Analyst Perspectives
The views on the energy sector are sharply divided, with some analysts believing that the current downturn presents an opportunity to buy into quality energy stocks, while others are more cautious about the sector’s prospects. “The energy sector is due for a rebound, in my opinion,” says Chris Stensland. “The current price of oil is still relatively cheap compared to historical averages, and the sector is becoming increasingly attractive from a valuation perspective.”
On the other hand, David Thomas is more skeptical about the sector’s prospects. “The energy sector is due for a correction, in my opinion,” he says. “The price of oil is still relatively high, and the sector is becoming increasingly reliant on debt to finance new projects. I would be cautious about investing in the energy sector at this time.”
⚠️ Key Risk
Alerian MLP's high expenses may erode investor returns over the long term.
Challenges Ahead
One of the biggest challenges facing the energy sector is the ongoing transition to renewable energy sources. As the world becomes increasingly aware of the need to reduce carbon emissions, investors are becoming more attracted to renewable energy companies, such as Vestas Wind Systems and Siemens Gamesa. This has led to increased competition for traditional energy companies, which are struggling to adapt to the changing landscape.
Another challenge facing the energy sector is the uncertainty surrounding global events, such as the ongoing conflict in Ukraine and the COVID-19 pandemic. These events have all contributed to the sector’s volatility, making it difficult for investors to navigate the sector. However, some market participants believe that the current downturn presents an opportunity to buy into quality energy stocks.

The Road Forward
As the energy sector continues to evolve, investors will need to be aware of the challenges and opportunities ahead. The rivalry between Vanguard Energy and Alerian MLP is just one aspect of the sector’s complex dynamics, and investors will need to be nimble and adaptable to navigate the ups and downs of the sector.

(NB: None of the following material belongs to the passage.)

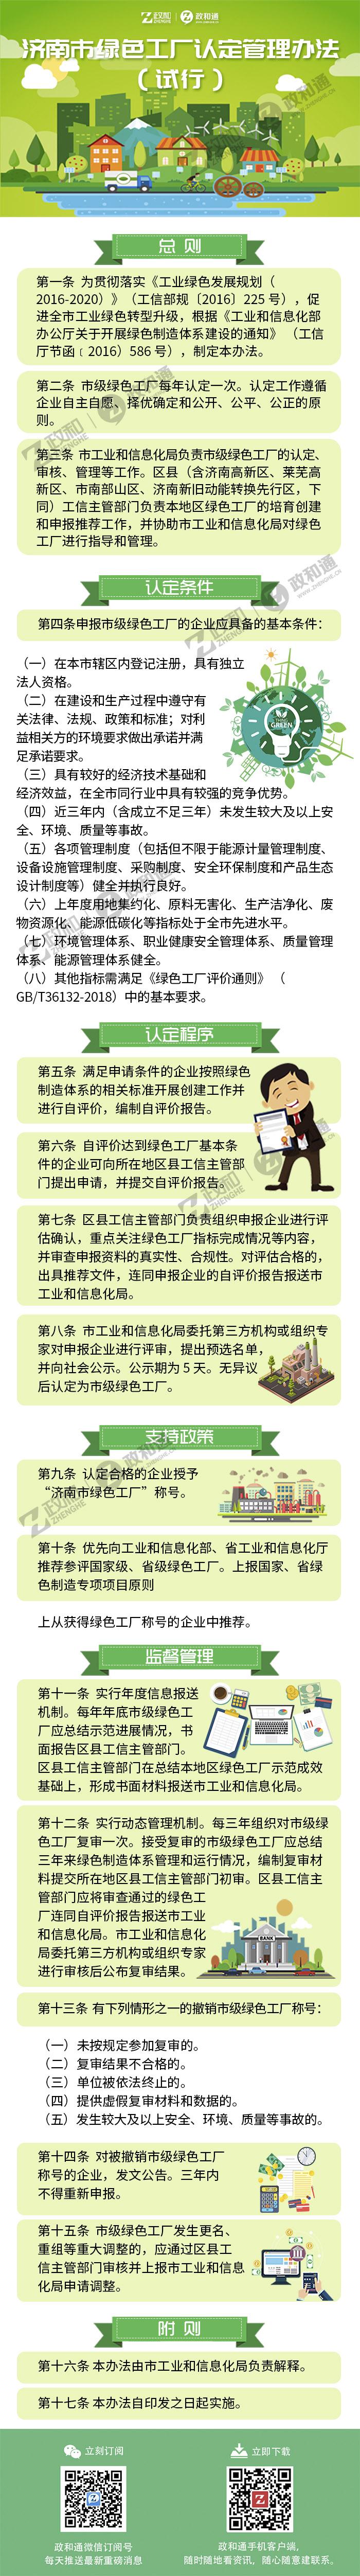 济南市绿色工厂认定管理办法(试行).jpg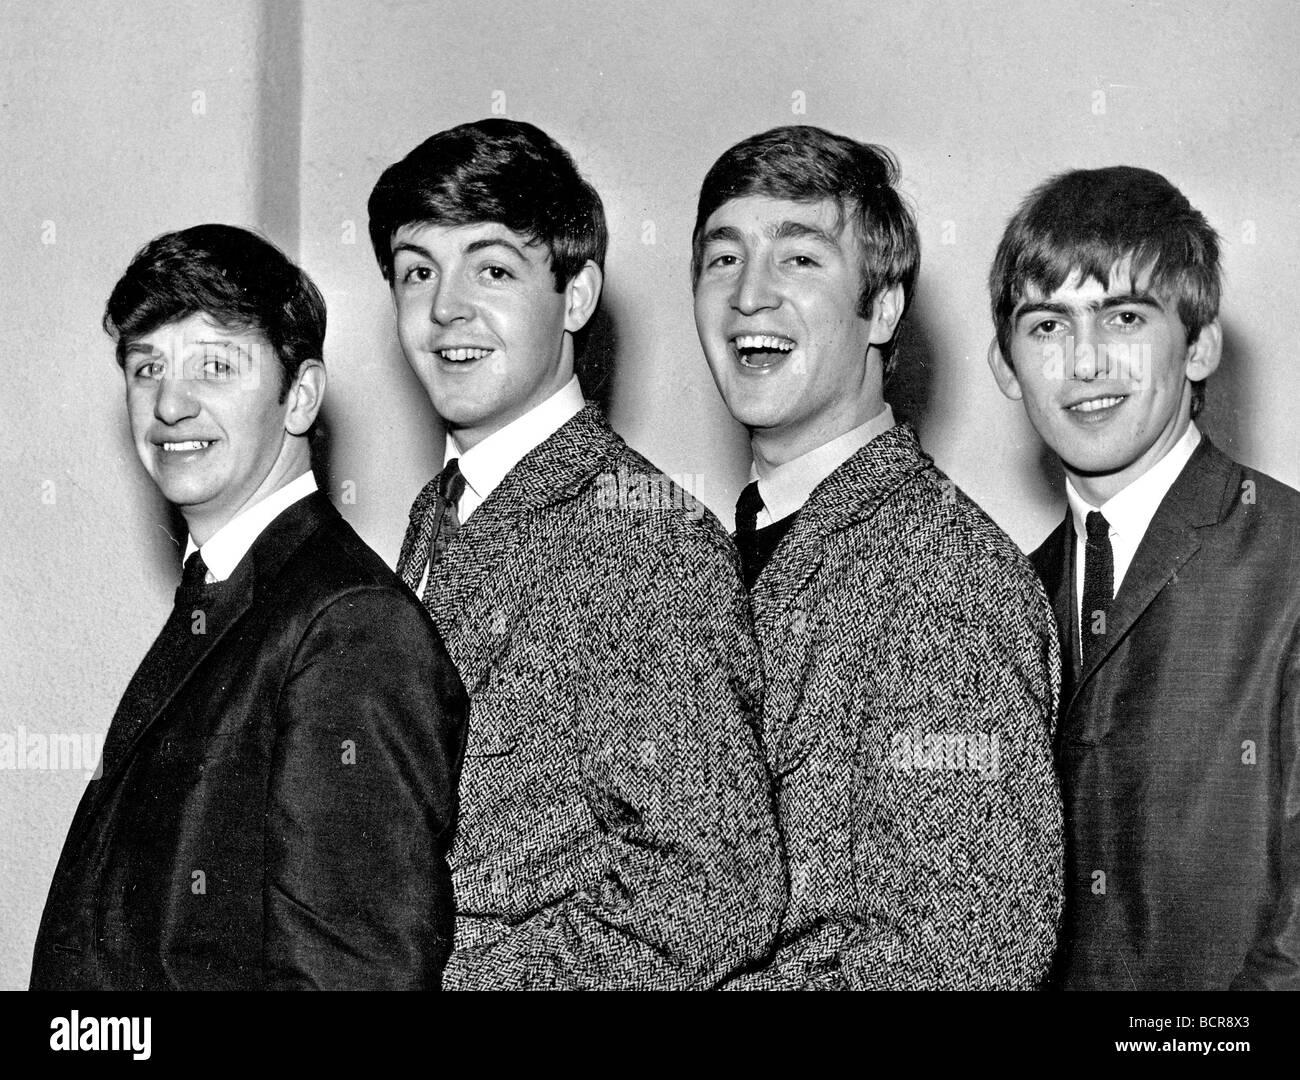 BEATLES in 1962 from left Ringo Starr Paul McCartney John Lennon and George Harrison - Stock Image

In the short term, investors can expect to see increased competition for traditional energy companies, as renewable energy companies continue to gain traction. However, in the long term, the energy sector is likely to continue to play a critical role in the global economy, driving innovation and growth as the world transitions to a more sustainable energy mix.
As Alexandra Lurie notes, “The energy sector is due for a rebound, in my opinion. The current price of oil is still relatively cheap compared to historical averages, and the sector is becoming increasingly attractive from a valuation perspective.” However, as David Thomas cautions, “The energy sector is due for a correction, in my opinion. The price of oil is still relatively high, and the sector is becoming increasingly reliant on debt to finance new projects. I would be cautious about investing in the energy sector at this time.”
Ultimately, the future of the energy sector will depend on a complex interplay of factors, including global events, technological innovation, and investor sentiment. As investors, we must be aware of these dynamics and adapt our strategies accordingly to navigate the sector’s complex landscape.